4. Biomedical Research Institute & Department of Radiology, Seoul National University Hospital, Seoul 03080, Republic of Korea.
5. Interdisciplinary Program in Bioengineering, Seoul National University, Seoul 08826, Republic of Korea.
6. Department of Materials Science and Engineering, Seoul National University, Seoul 08826, Republic of Korea.
Publication Type:Journal Article
Keywords: Cancer immunotherapy; Drug delivery; Exosomes; Microbubbles; Photodynamic therapy; Sonoporation; Ultrasound
From: Acta Pharmaceutica Sinica B 2023;13(12):4983-4998
CountryChina
Language:English
Abstract: Lipid-coated microbubbles are widely used as an ultrasound contrast agent, as well as drug delivery carriers. However, the two main limitations in ultrasound diagnosis and drug delivery using microbubbles are the short half-life in the blood system, and the difficulty of surface modification of microbubbles for active targeting.

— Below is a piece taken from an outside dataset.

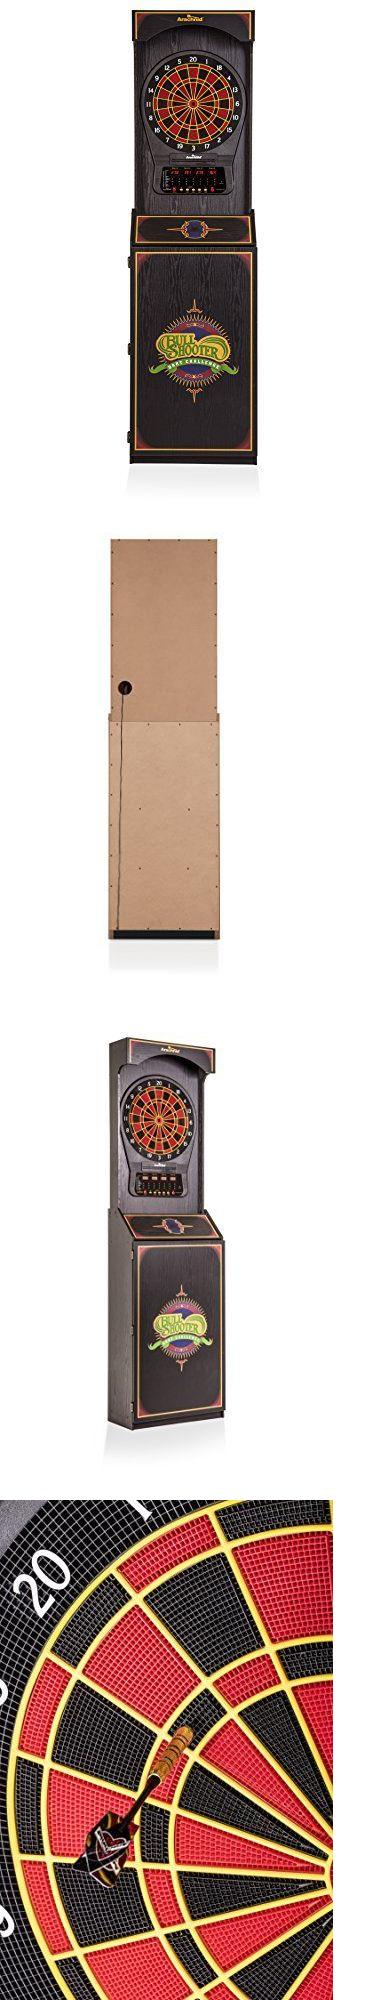 Rolling Pins 32885: Arachnid Arcade Style Cabinet Dart Game ...

The exosome, a type of extracellular vesicle, has a preferentially targeting ability for its original cell. In this study, exosome-fused microbubbles (Exo-MBs) were developed by embedding the exosome membrane proteins into microbubbles. As a result, the stability of Exo-MBs is improved over the conventional microbubbles. On the same principle that under the exposure of ultrasound, microbubbles are cavitated and self-assembled into nano-sized particles, and Exo-MBs are self-assembled into exosome membrane proteins-embedded nanoparticles (Exo-NPs). The Exo-NPs showed favorable targeting properties to their original cells. A photosensitizer, chlorin e6, was loaded into Exo-MBs to evaluate therapeutic efficacy as a drug carrier. Much higher therapeutic efficacy of photodynamic therapy was confirmed, followed by cancer immunotherapy from immunogenic cell death. We have therefore developed a novel ultrasound image-guided drug delivery platform that overcomes the shortcomings of the conventional ultrasound contrast agent and is capable of simultaneous photodynamic therapy and cancer immunotherapy.